No Charges Filed Against Oakland Raiders Coach

October 22nd, 2009

The Napa County DA in California announced that no charges would be filed against Oakland Raiders head coach, Tom Cable. Cable had been alleged to have assaulted Raiders assistant coach, Randy Hansen.

I applaud the Napa DA for not pursuing a case that it felt ultimately could not be proven by proof beyond a reasonable doubt. However, I wonder if Tom Cable was not the head coach of the Oakland Raiders, if he would not have been charged and facing prosecution for assault in this matter? In Harris County, I’ve seen situations where the State had far less evidence to prove its case than what the Napa DA’s Office possessed and yet still pursued prosecution. Makes you wonder if prosecutors at least in some instances are really “seeking that justice be done” or seeking something else. Just a thought!

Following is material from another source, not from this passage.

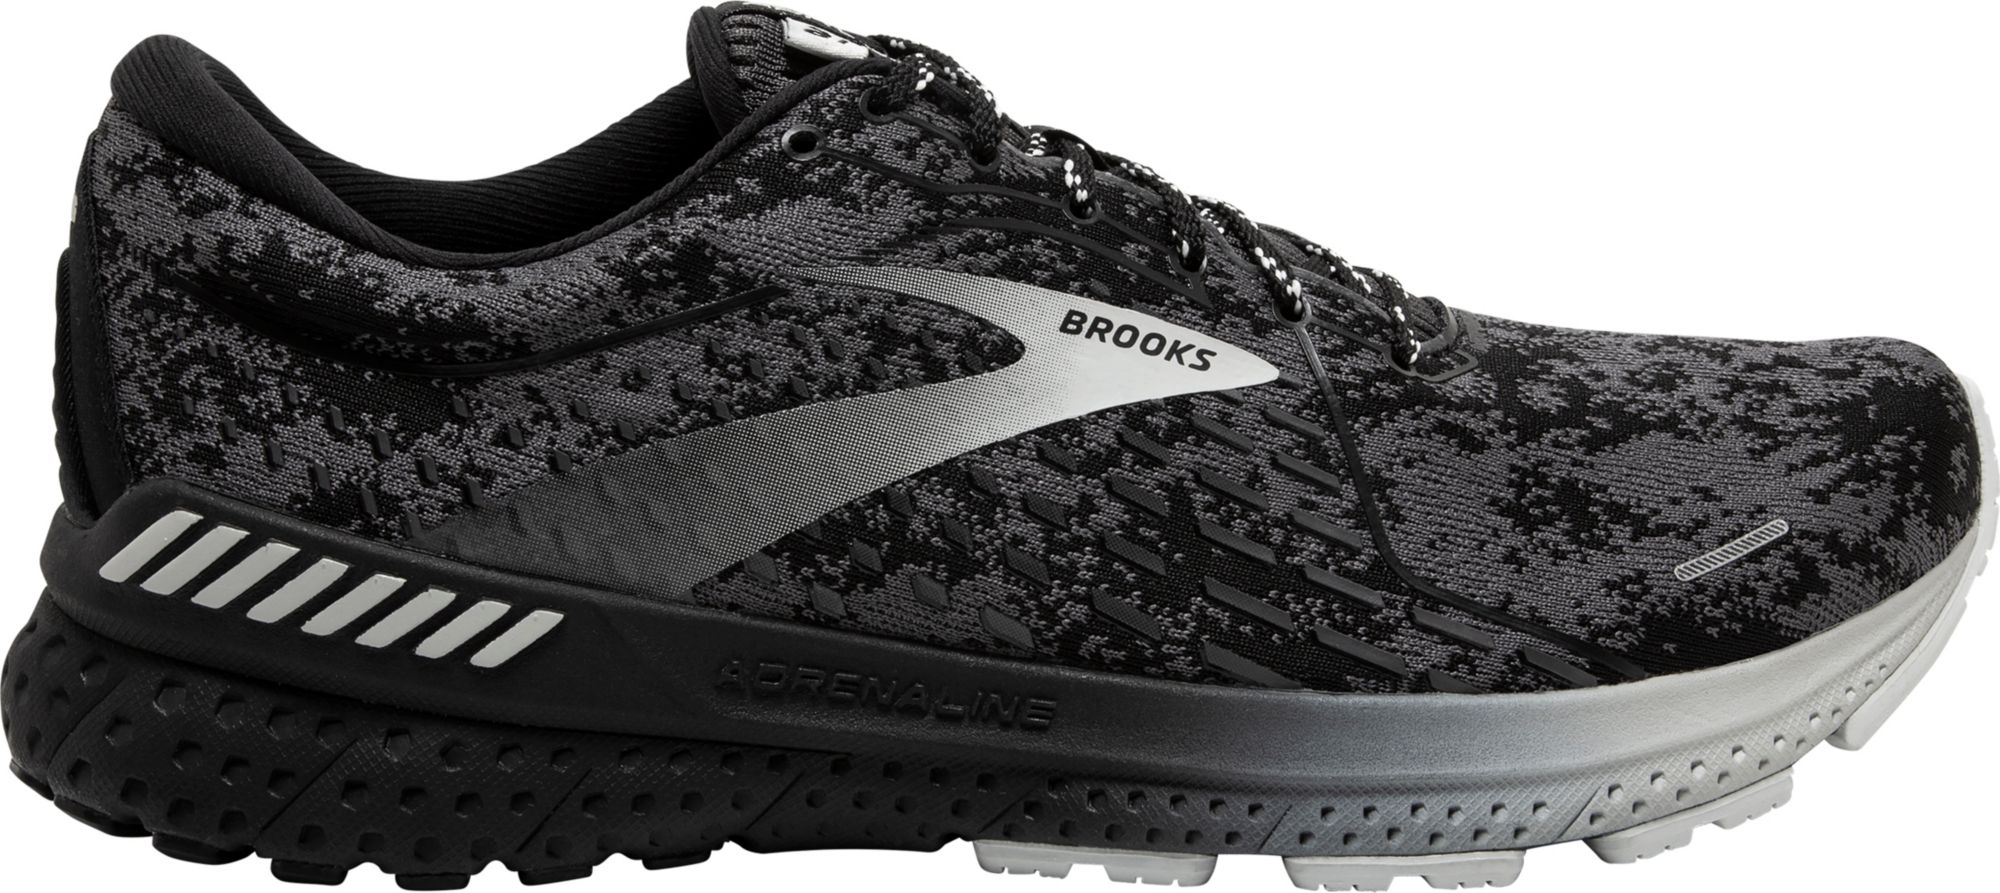 brooks black trainers

jcole CRIMINAL DEFENSE LAW

Why would you give a consent to search?

October 22nd, 2009

I came across an article in the Houston Chronicle regarding a recent drug seizure. The drug seizure was a 400 pounds seizure of marijuana in San Antonio. My first question is if you had 400 lbs of marijuana in your vehicle, why would you voluntarily give the officer consent to search your vehicle? I guess this guy did not read or take my advice in a previous post and “Just Say No”! What I also find interesting is how the officer said that this was just a routine stop for an expired registration. In my opinion, this sounds like a “pretextual traffic stop”. Unfortunately, the courts allow officers to make pretextual stops, as long as they can reasonably articulate some minor traffic violation that was committed. If the officer, truly stopped a person for an expired registration, why would you ask a person for consent to search his/her vehicle for a “routine” traffic stop. It’s all a load of crap. It’s just a way for officers to pull people over for minor traffic violations in hopes of having people, ignorant of their rights, consent to a search in hopes of finding evidence and probable to arrest for drug offenses generally. Generally, if the officer had probable cause to search your vehicle, the officer would not need your consent. Remember, just because the officer asks does not mean you are obligated to to allow the search…that’s your constitutional right!!!

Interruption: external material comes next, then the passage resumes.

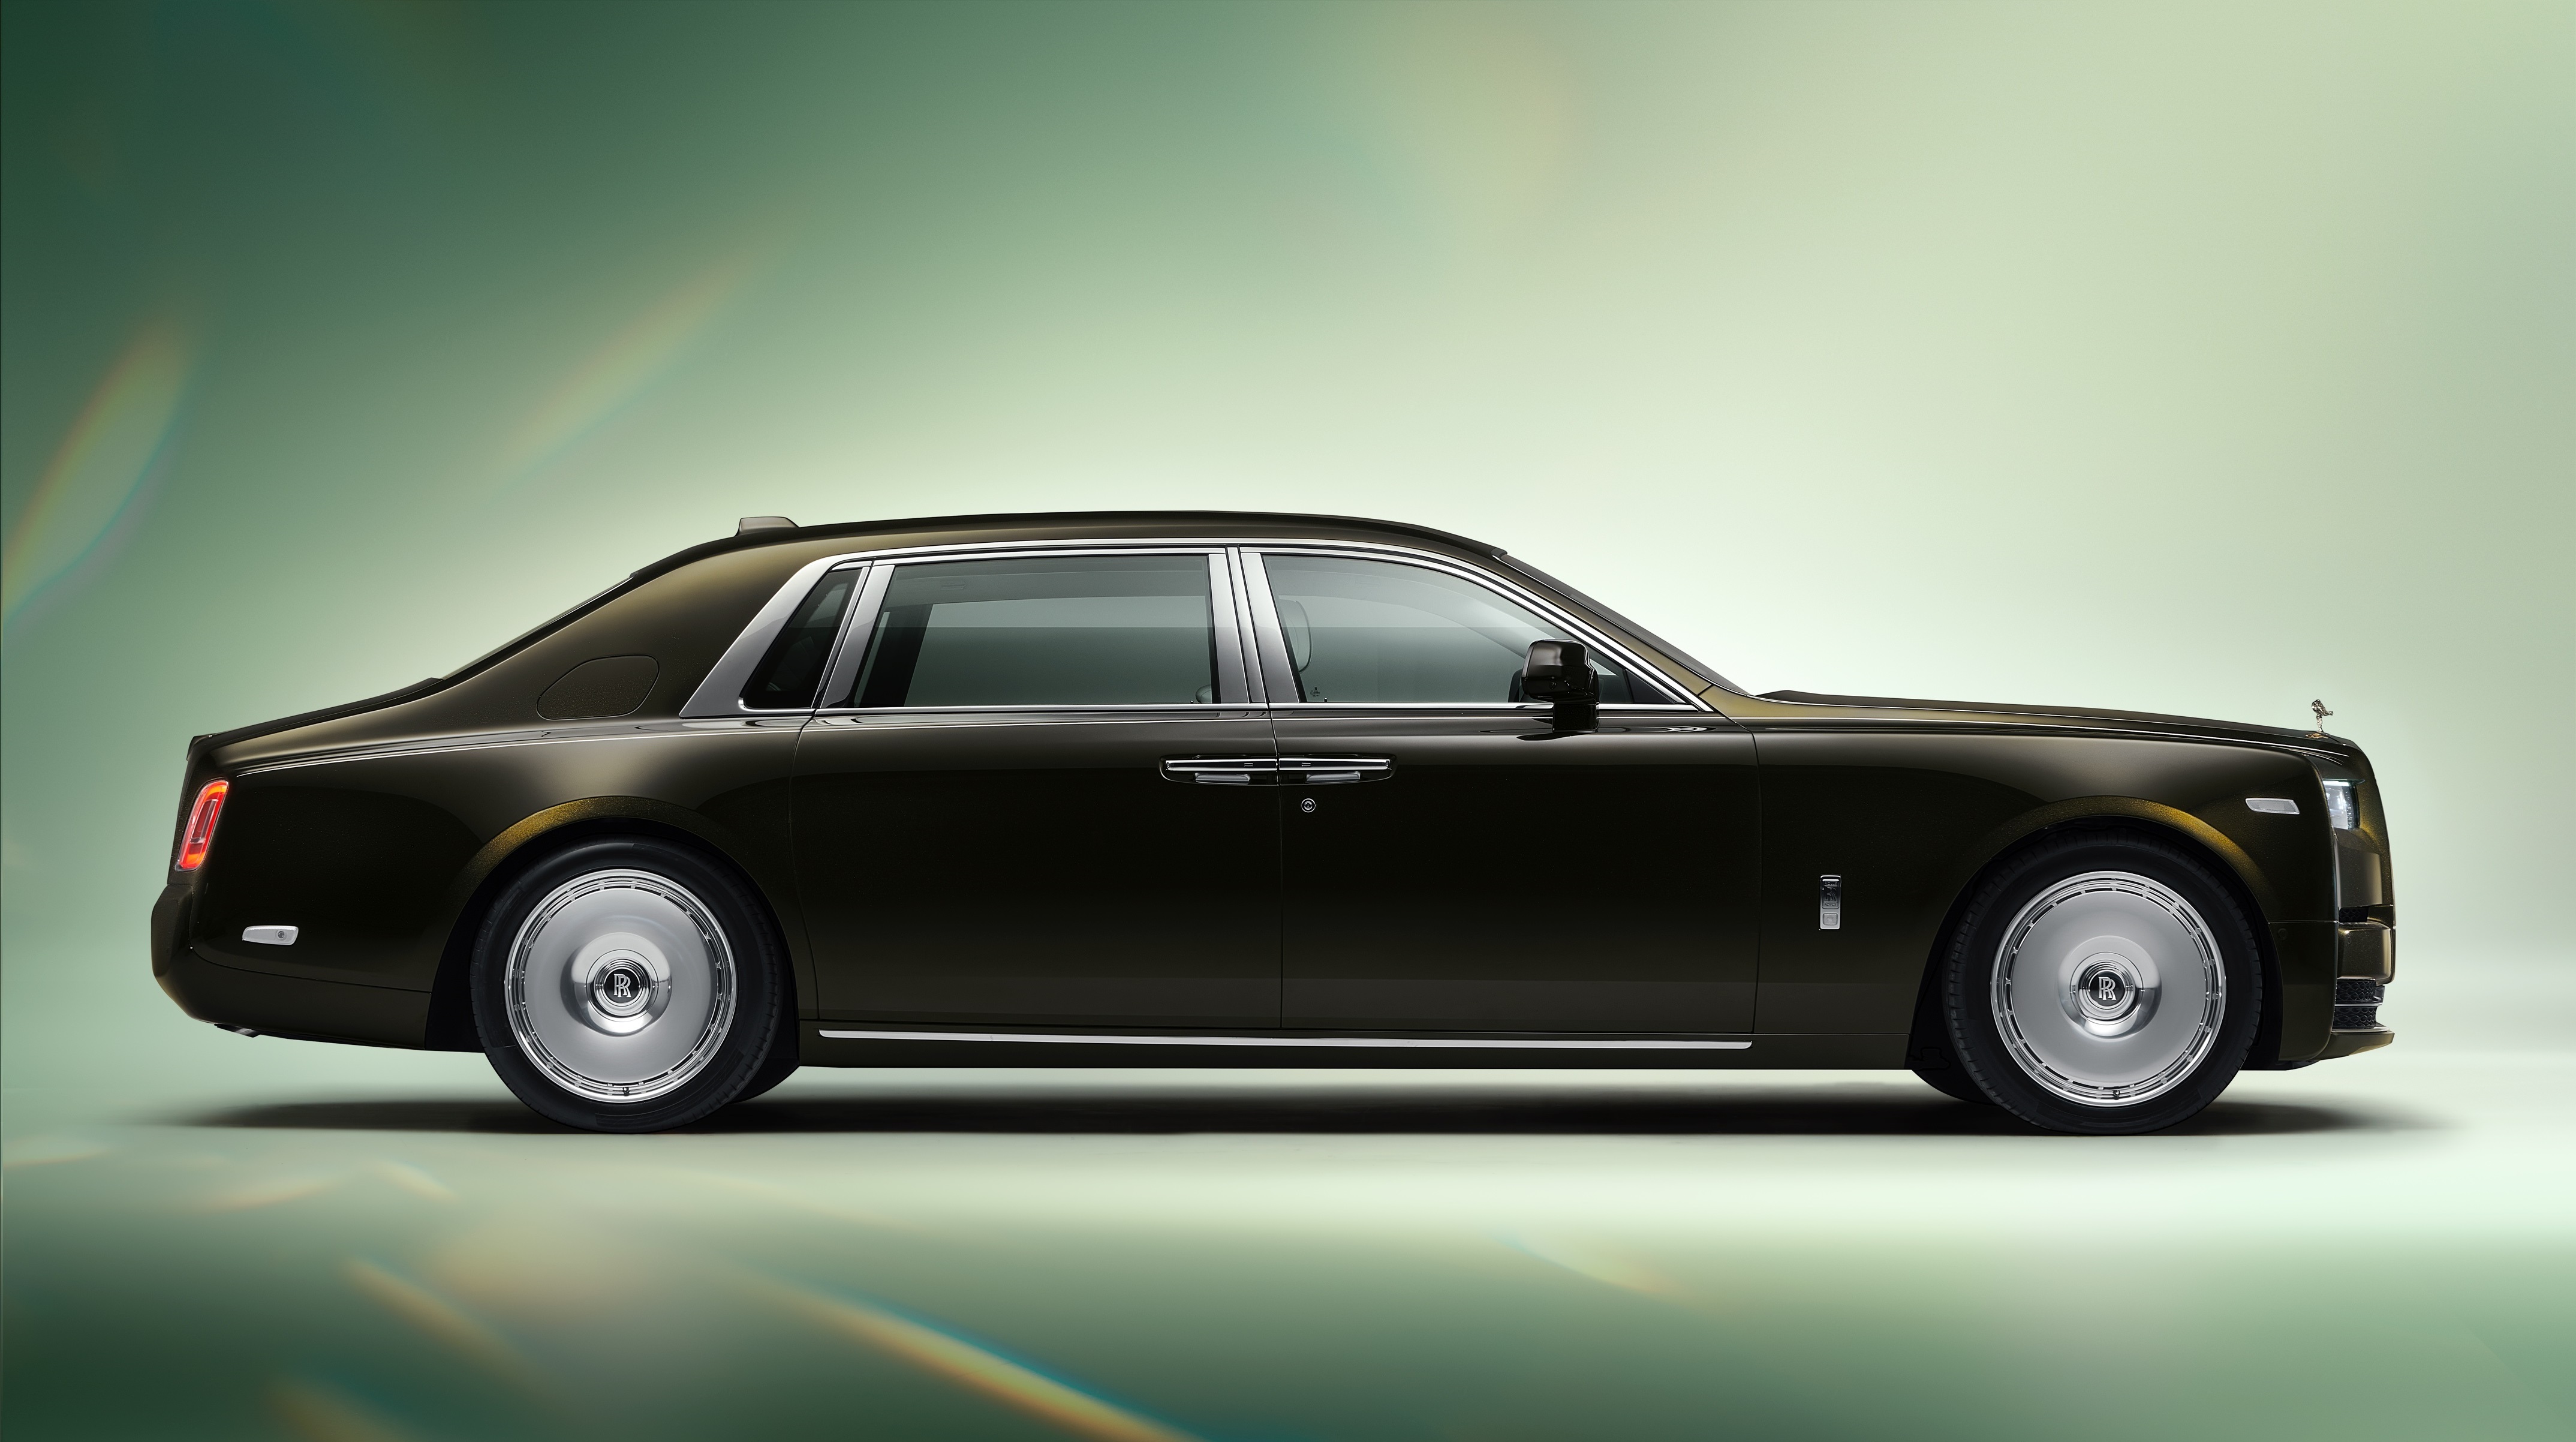 Цены и характеристики Rolls-Royce весь модельный ряд фото - купить легенду мирового автомобилестроения | Сайт

jcole Search & Seizure Law

Shout Out to Mark Bennett

October 19th, 2009

Just wanted to extend my thanks to Houston criminal defense attorney, Mark Bennett, for adding my blog to his blogroll.  Now, I know for some of you, you might be thinking what’s the big deal.  Well, Mark has one of the best legal blogs in the country.  Not to mention, he is a well respected criminal defense attorney.  So, it’s an honor for Mark to add me to his blogroll.  I’m new at this blogging thing, so Mark, I hope that I am able to write many interesting posts to keep my blog worthwhile.  BTW…I’m open to any suggestions.   Anyways, I look forward to hopefully partake in many interesting discussions in the “blawgosphere”.

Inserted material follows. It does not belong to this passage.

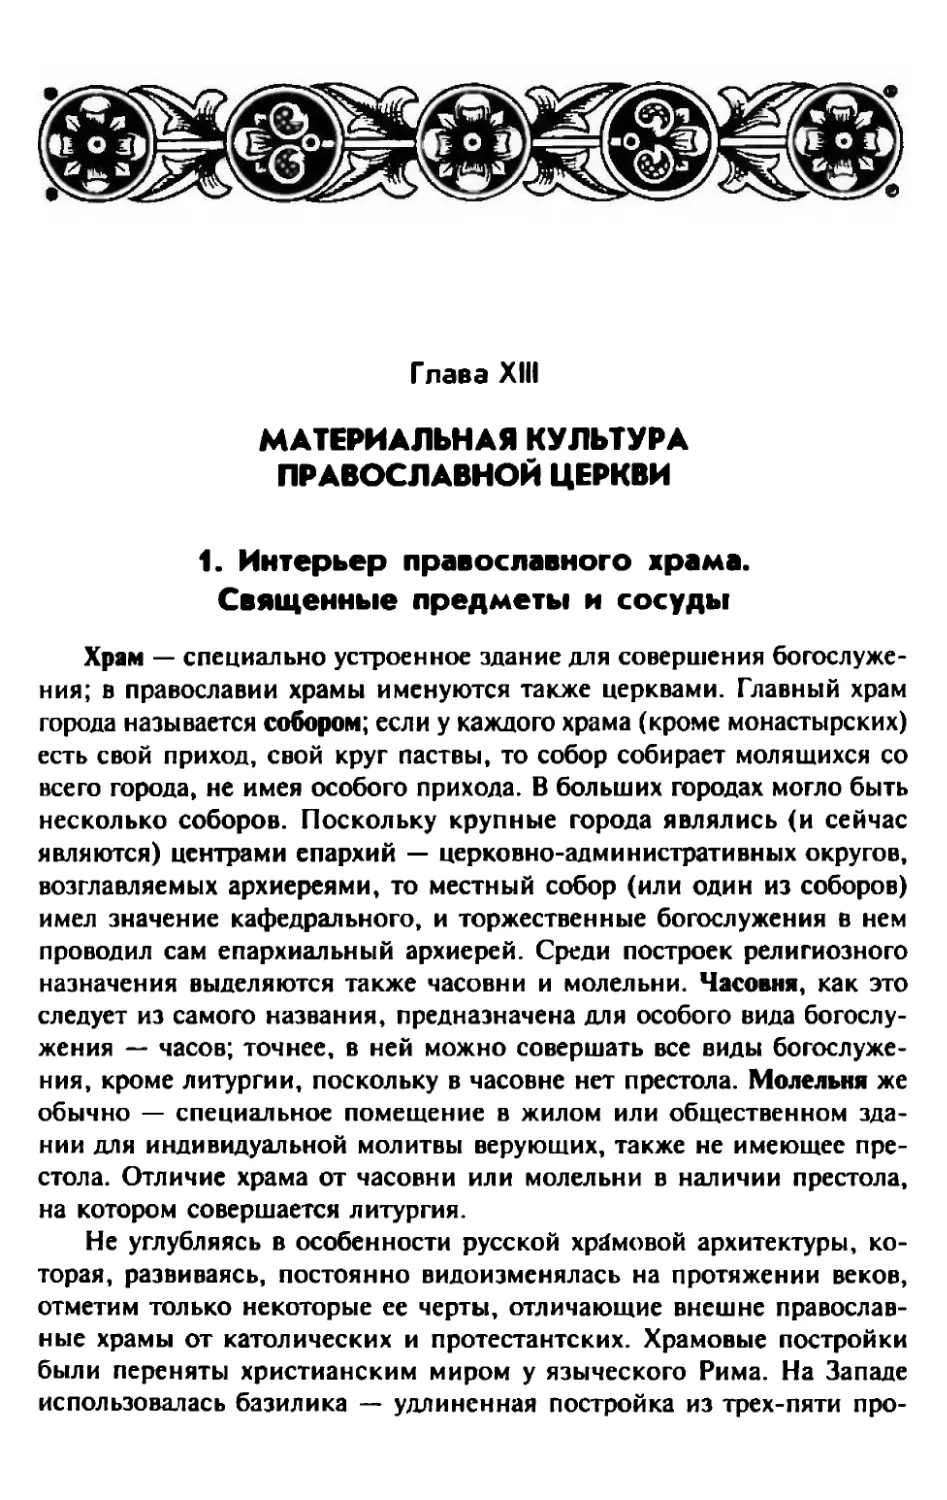 Глава XIII. Материальная культура православной церкви

jcole CRIMINAL DEFENSE LAW

Entertaining Video of DWI Stop

October 15th, 2009

DISCLAIMER: The hypothetical below assumes that an individual, such as Mr. Turner, is stopped for DWI here in Texas under current Texas state law.

Although drunk driving is no laughing matter and neither is being pulled over and being charged with DWI, I have to admit that this video of Mr. Turner is very entertaining and funny. A person stopped for DWI here in Texas under current Texas law actually can learn some valuable lessons from watching this video. First of all, Mr. Turner (if stopped for DWI under Texas law) was wise to refuse to perform any more field sobriety tests and refuse to submit to a breath test. He actually makes a valid point, that if the officer can’t perform the test, how can he, lol. Also, I like his defense of that he “might be drunk, but he was not driving”, although I would generally advise against making statements that you are drunk to law enforcement. However, he is correct because if he was in fact not driving the State can not convict him of DWI, because he was not operating a motor vehicle.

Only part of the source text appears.